Oilers need to miss playoffs - Metro US

Oilers need to miss playoffs

Last week, when the Oilers were in position to make the playoffs, yours truly looked at Edmonton’s remaining regular-season games and attempted to discern which ones Craig MacTavish’s charges should and should win.

Of the four games Edmonton has played since that column was filed, the Oilers won just once (I thought they should’ve at the very least split those games).

Consequently, they’re in a world of hurt: in 11th place in the Western Conference, a handful of points away from the West’s final playoff berth.

However, as I’ve mentioned in this space a couple times, if Edmontonians are honest with themselves, they ought to acknowledge the Oilers simply squeaking into the post-season — and becoming fodder for the likes of the Red Wings or Sharks — doesn’t do much good for the franchise.

I know, I know — the 2005-06 edition of the Oilers made it all the way to the Stanley Cup final. But take a gander at how other eighth-seeded teams have fared in recent years.

In 2007, the Calgary Flames finished eighth in the West and fell to the Red Wings in the first round of the playoffs. That same year, the New York Islanders secured the eighth position in the Eastern Conference and won one lousy game against Buffalo in the first round.

Last spring, the eighth-seeded Nashville Predators were eliminated by Detroit in the first round. The Boston Bruins (a.k.a. the East’s eighth seed in 2008) also failed to make it past the first round after Montreal narrowly defeated them in seven games.

Similarly, both No. 8 seeds (Nashville and the Isles) in the 2004 post-season lost their first-round matchups against San Jose and Tampa Bay, respectively.

Detecting a pattern?
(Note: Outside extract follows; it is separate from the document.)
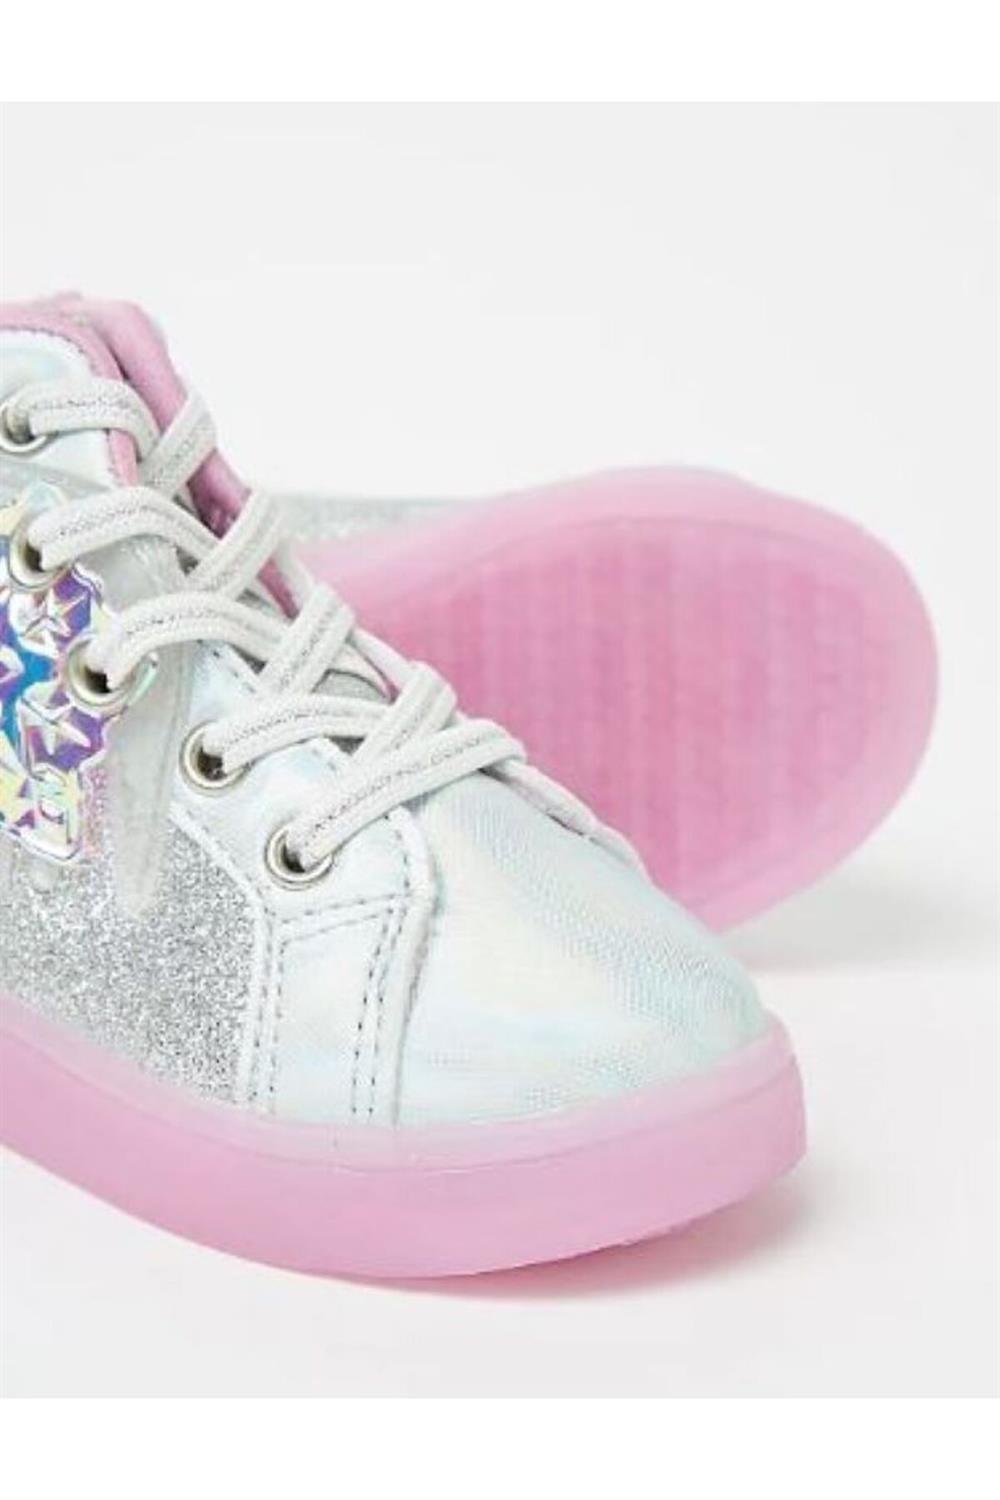 Kız Çocuk Elsa Baskılı Işıklı Boğazlı Spor Ayakkabı

The pattern is that the ’05-06 Oilers were the exception rather than the rule.

The best thing for Edmonton’s Cup hopes is to miss this year’s playoffs, take a good, hard look at what organizational changes should be made, and retool over the summer.

Finishing eighth may be enough for some fans, but more often than not, it’s simply not enough for hockey’s ultimate prize.